Single by Michael Ray

from the EP Higher Education
- Released: October 26, 2020
- Genre: Country
- Length: 3:26
- Label: Warner Bros. Nashville
- Songwriters: Jesse Frasure; Josh Thompson;
- Producer: Ross Copperman

Michael Ray singles chronology
| "Her World or Mine" (2019) | "Whiskey and Rain" (2020) | "Holy Water" (2022) |

Music video
- "Whiskey and Rain" on YouTube

= Whiskey and Rain =

2020 single by Michael Ray

"Whiskey and Rain" is a song recorded by American country music singer Michael Ray. It was released on October 26, 2020, and served as the lead single to his EP, Higher Education. The song reached number one on the Country Airplay chart dated January 22, 2022, giving Ray his second number one single on the chart. The song was co-written by Jesse Frasure and Josh Thompson, and produced by Ross Copperman.

==Content==
"Whiskey and Rain" describes someone drowning their sorrows in a glass of something strong, and Ray pointed out the song's vibe draws to mind some of his country forebears.
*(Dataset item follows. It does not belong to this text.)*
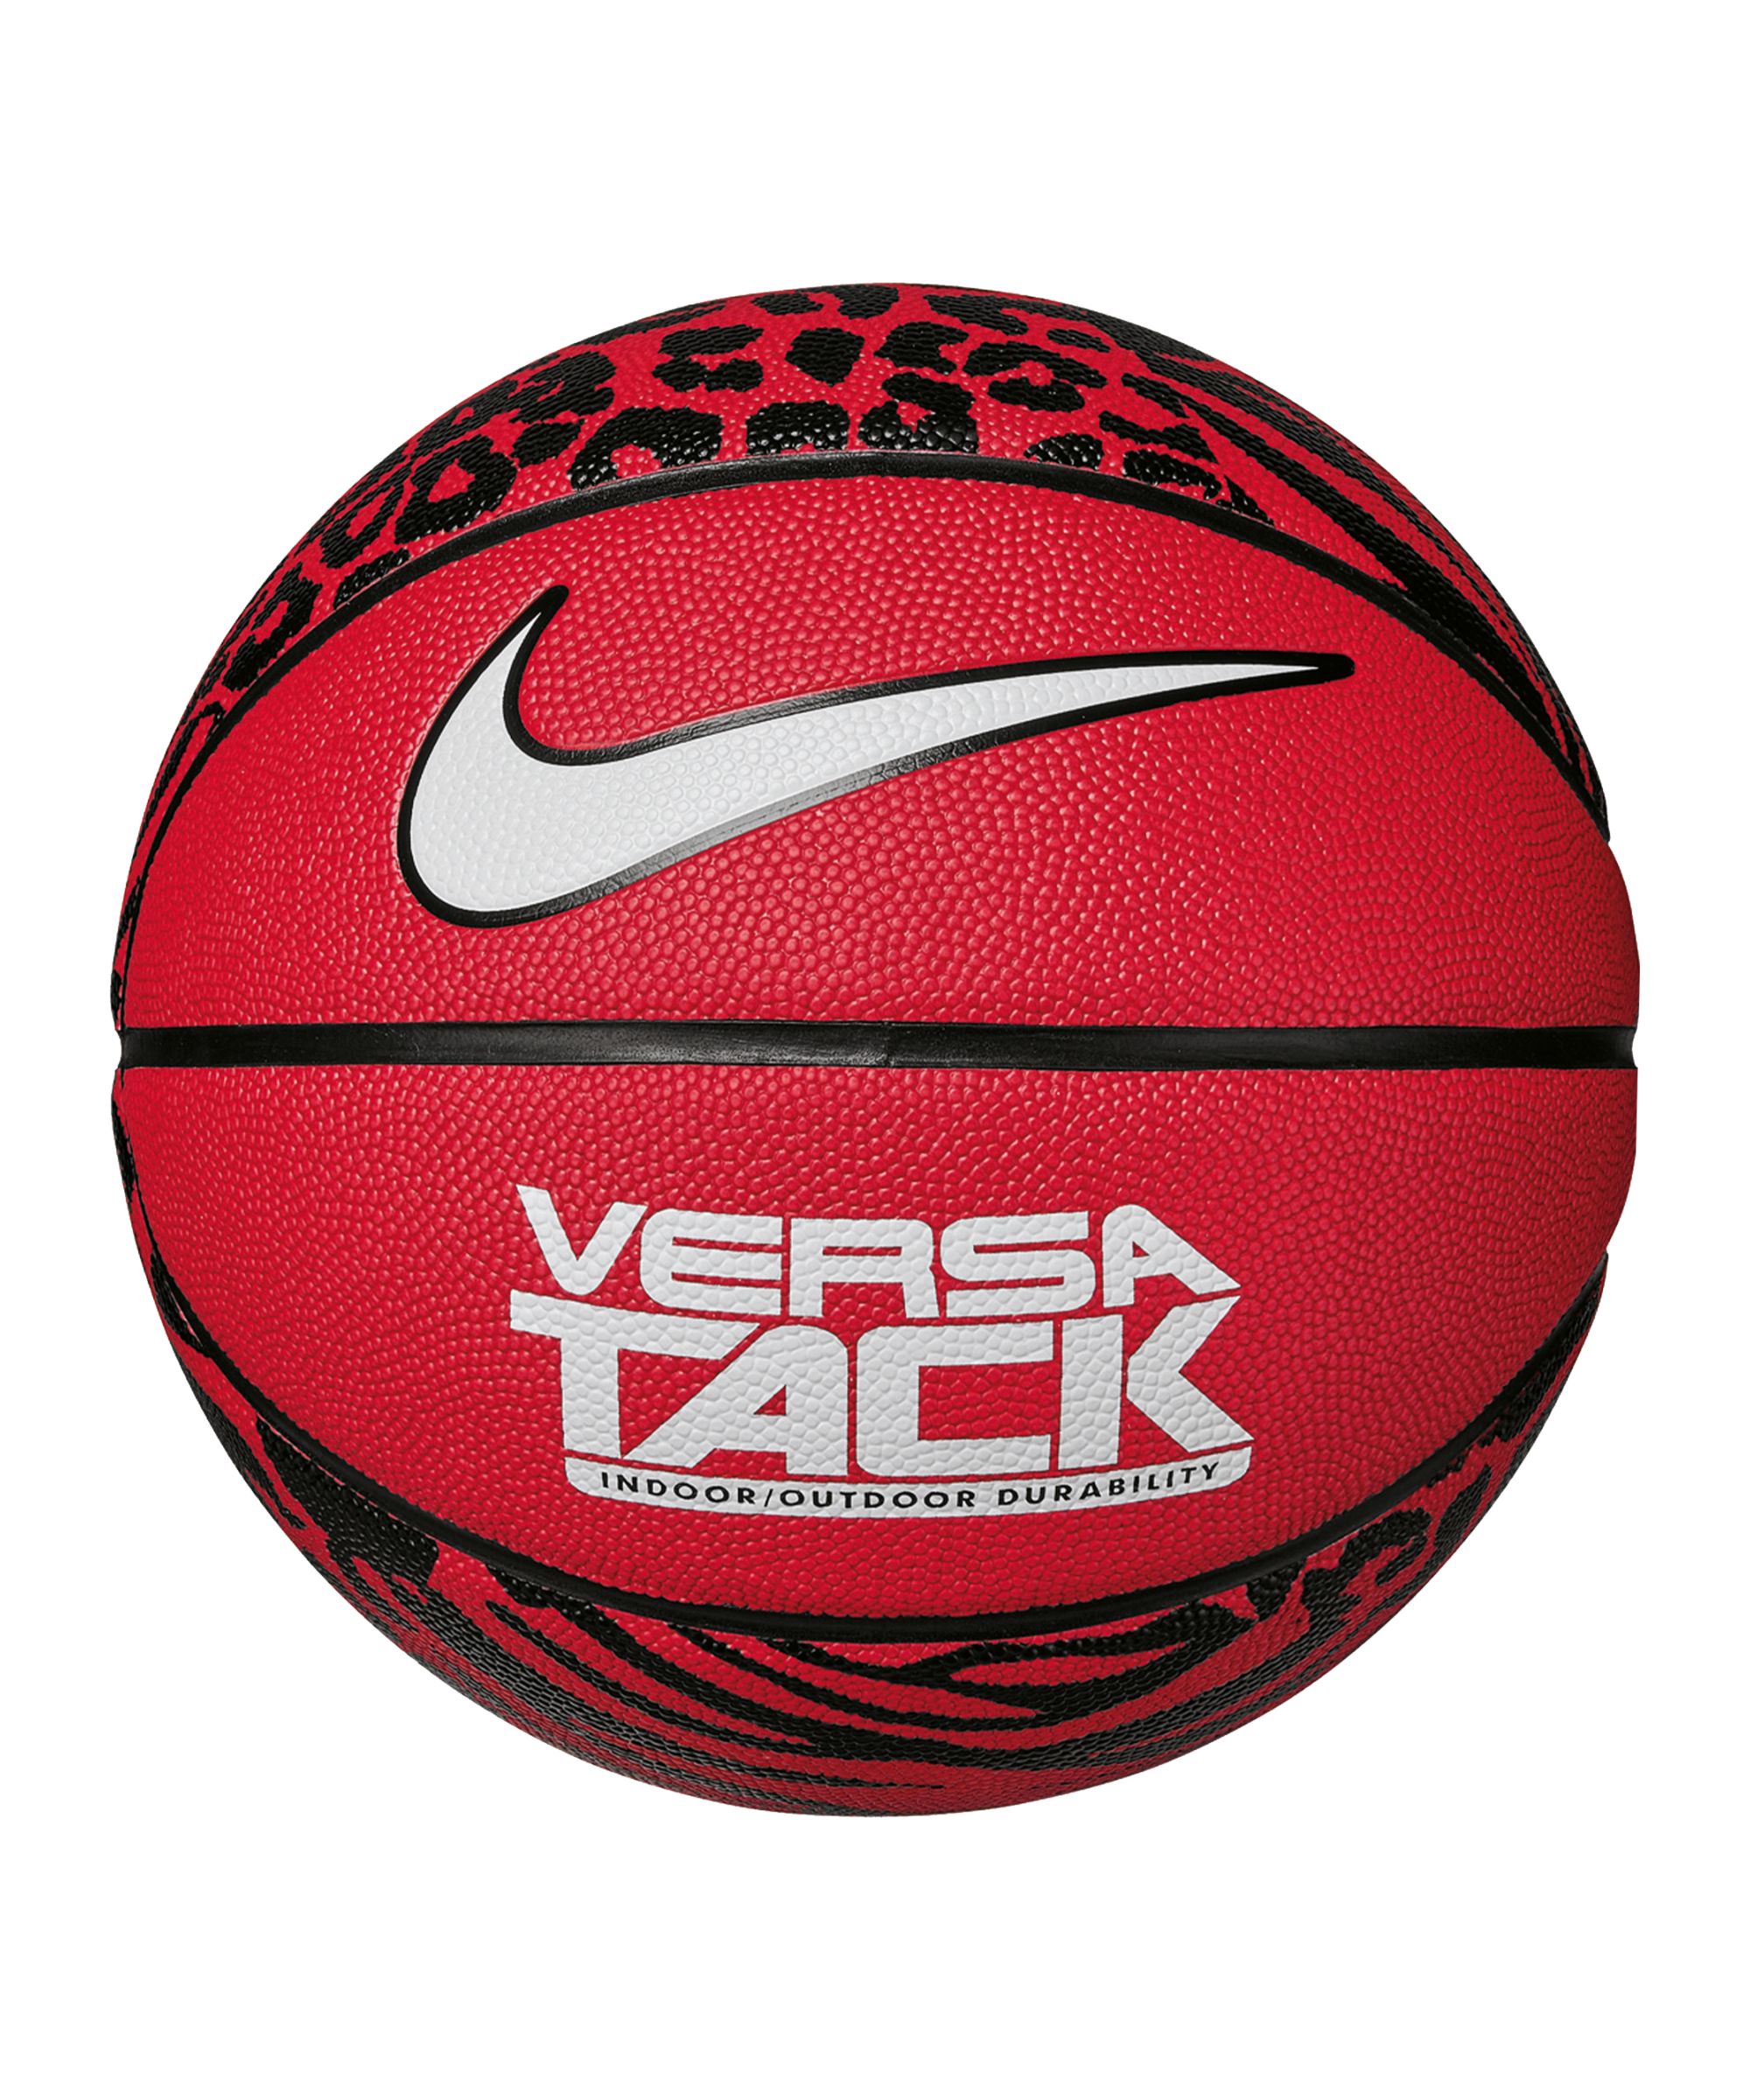 Ball Nike Versa Tack Basketball
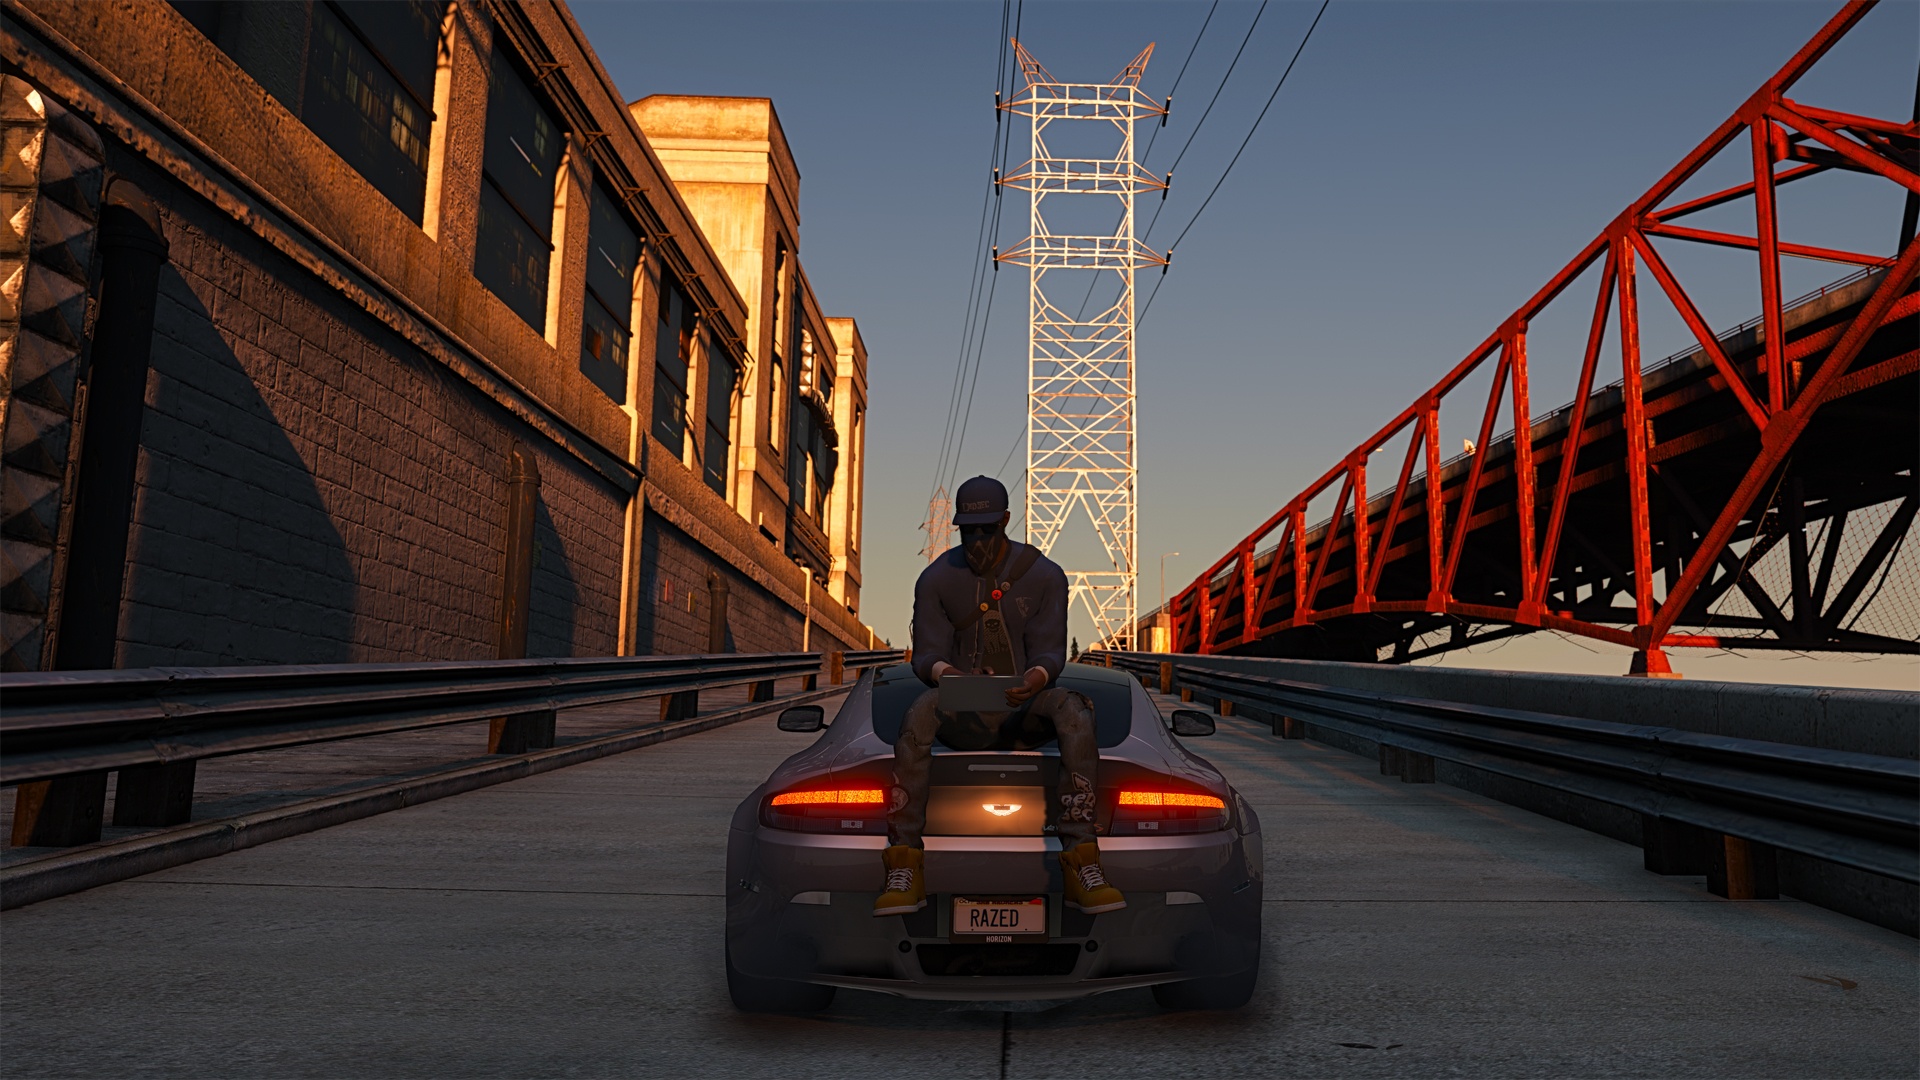 《侠盗猎车手5（GTA5）》PC版截图 4K级画质羡煞主机 - 新闻发布 - Chiphell - 分享与交流用户体验

He told website Everything Nash: “I guess I always knew that I wanted more of a traditional country sound. That’s what I grew up on, what I listen to, to this day. And I just always felt like that was the record I wanted to make. It took this year, I guess, to really realize that on my own. So this song, it was just that catchy, hooky melody, that throwback to the Gary Allan. It sounds like Gary Allan, Dwight Yoakam — all of that. It just stood out. And really, we felt was a great way to introduce this new record and new sound.”

==Composition==
"Whiskey and Rain" is a song with a '90s country vibe. Frasure tweaked the demo with a sibilant, '80s-pop drum sound and light, flute-tinted piano chords.

==Music video==
The music video was released on October 29, 2020, directed by Sean Hagwell, who brings the song’s throwback style to life. The video revealed Ray riding out the storm.

Ray told to CMT about the message from this video: “We wanted the video to show that going through rough spots in life can open you up to different people and their situations. Maybe you can listen to their stories for a while. I think the video reflects the depth of the song, and it shows how sometimes the negative things in life can bring people together.”

==Chart performance==
"Whiskey and Rain" reached number one on the Billboard Country Airplay chart dated January 22, 2022, becoming Ray's second number one on that chart, and his first since his debut single, "Kiss You in the Morning", in August 2015. Having taken 65 weeks to reach number one, it tied a record previously set in June 2020 by Travis Denning's "After a Few" for the slowest ascent to the top. Both songs would later be surpassed by Justin Moore's "Time's Ticking" in April 2026. It also became Ray's first top 40 single on the Billboard Hot 100, peaking at number 37.

==Charts==

===Weekly charts===

Weekly chart performance for "Whiskey and Rain"
| Chart (2020–2022) | Peak position |
|---|---|
| US Billboard Hot 100 | 37 |
| US Country Airplay (Billboard) | 1 |
| US Hot Country Songs (Billboard) | 6 |

===Year-end charts===

2021 year-end chart performance for "Whiskey and Rain"
| Chart (2021) | Position |
|---|---|
| US Country Airplay (Billboard) | 55 |
| US Hot Country Songs (Billboard) | 60 |

2022 year-end chart performance for "Whiskey and Rain"
| Chart (2022) | Position |
|---|---|
| US Country Airplay (Billboard) | 46 |
| US Hot Country Songs (Billboard) | 59 |
| US Radio Songs (Billboard) | 70 |

==Certifications==

| Region | Certification | Certified units/sales |
| United States (RIAA) | Platinum | 1,000,000^{‡} |
^{‡} Sales+streaming figures based on certification alone.